On 7 December 2012, during a routine inspection by Food Standards Agency staff at Simply Halal (Banham) Ltd, a combined slaughterhouse and cutting premises in Norfolk, it was discovered that 25 beef quarters had left the premises without the vertebral column being removed.
Simply Halal sold the quarters to a meat wholesaler. The wholesaler's records were incomplete and as a result it was only possible to trace and detain one of the quarters. This was destroyed. It is probable that meat from all the other quarters was consumed.
The quarters were from cattle over 30 months of age. The vertebral column of cattle over 30 months is specified risk material (SRM) and must be removed.
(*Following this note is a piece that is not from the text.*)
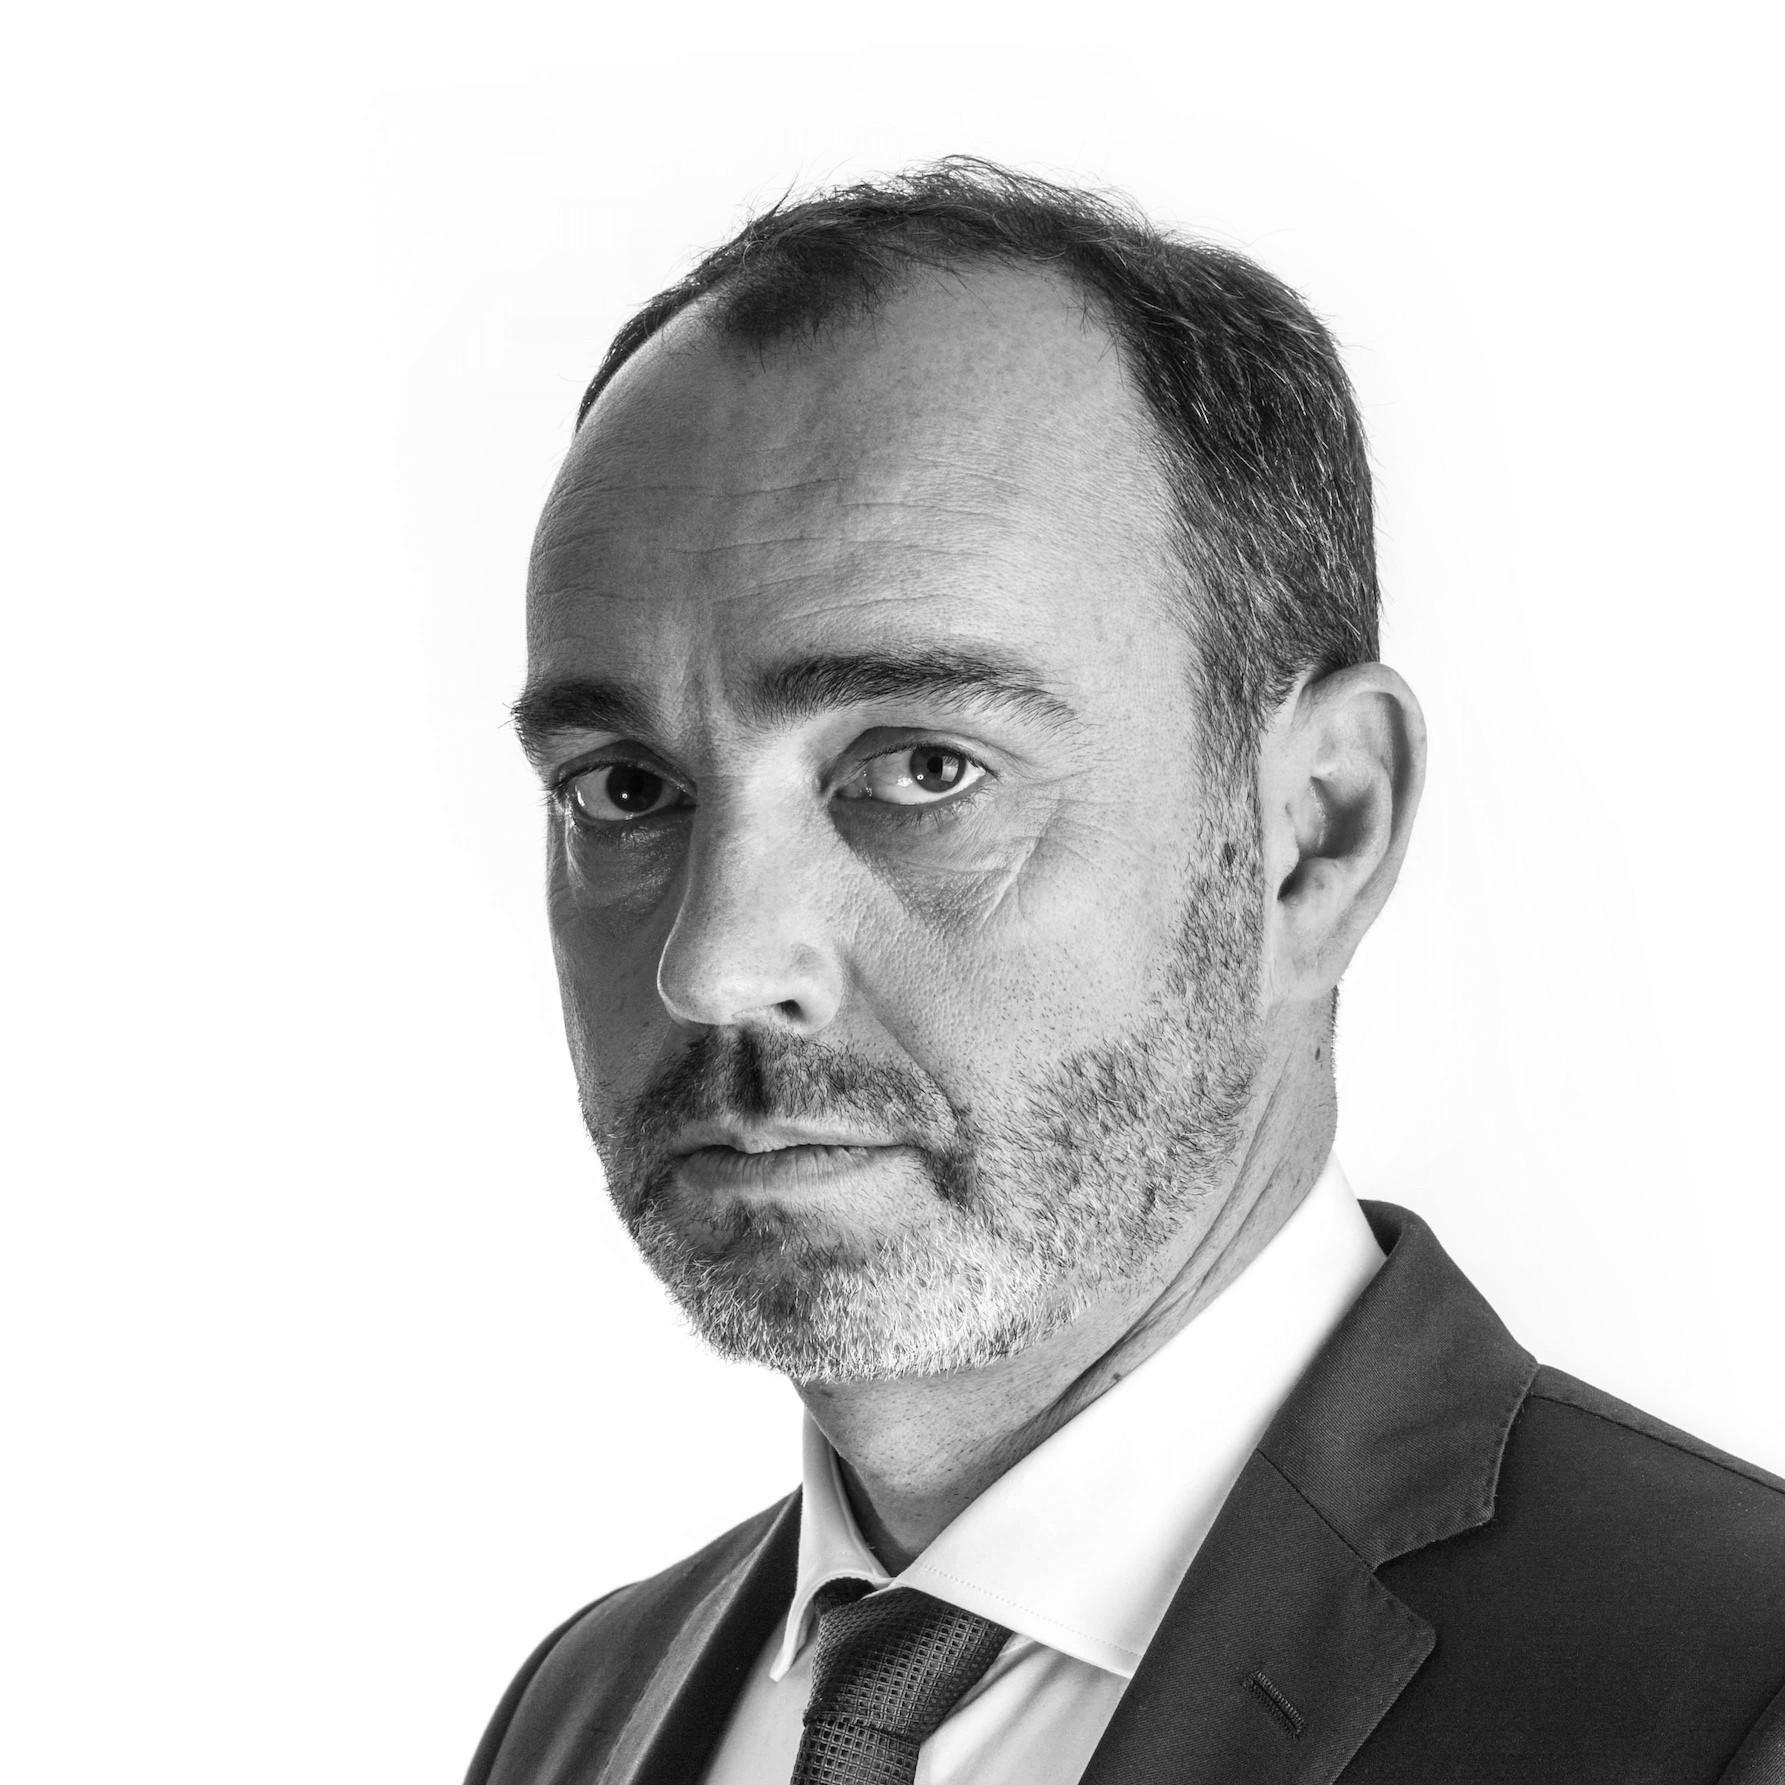 Nicolas Mignot

The risk from the meat that entered the food chain is very low, as it is extremely unlikely that any of the animals involved had BSE. Only three cases of BSE were recorded in the UK in 2012. None of these animals entered the food chain.
Meat from a cow over 72 months of age entered the food chain without being tested for BSE.
The animal, aged 73 months and 4 days, was slaughtered on 11 October 2012, at Woolley Bros (Wholesale Meats) Ltd, a combined abattoir and cutting plant in Sheffield. The error was discovered on 4 December 2012 during routine cross-checks of slaughter and BSE testing data.
According to regulations any cattle that have not been tested, along with the animal slaughtered immediately before it and the two immediately after should not enter the food supply.
The four affected carcasses were sold as part of consignment of 90 beef sides to a food business operator in the Netherlands. In addition, cheek meat from the same batch of animals was sold to a business in Germany. No meat from the animals entered the UK food supply and the Agency notified the Dutch and German authorities of the breach of controls and that meat from the affected animals had entered their countries.
It should be noted that since 1 March 2013 there is no longer a requirement to test healthy slaughtered cattle over 72 months of age for BSE before they enter the food supply.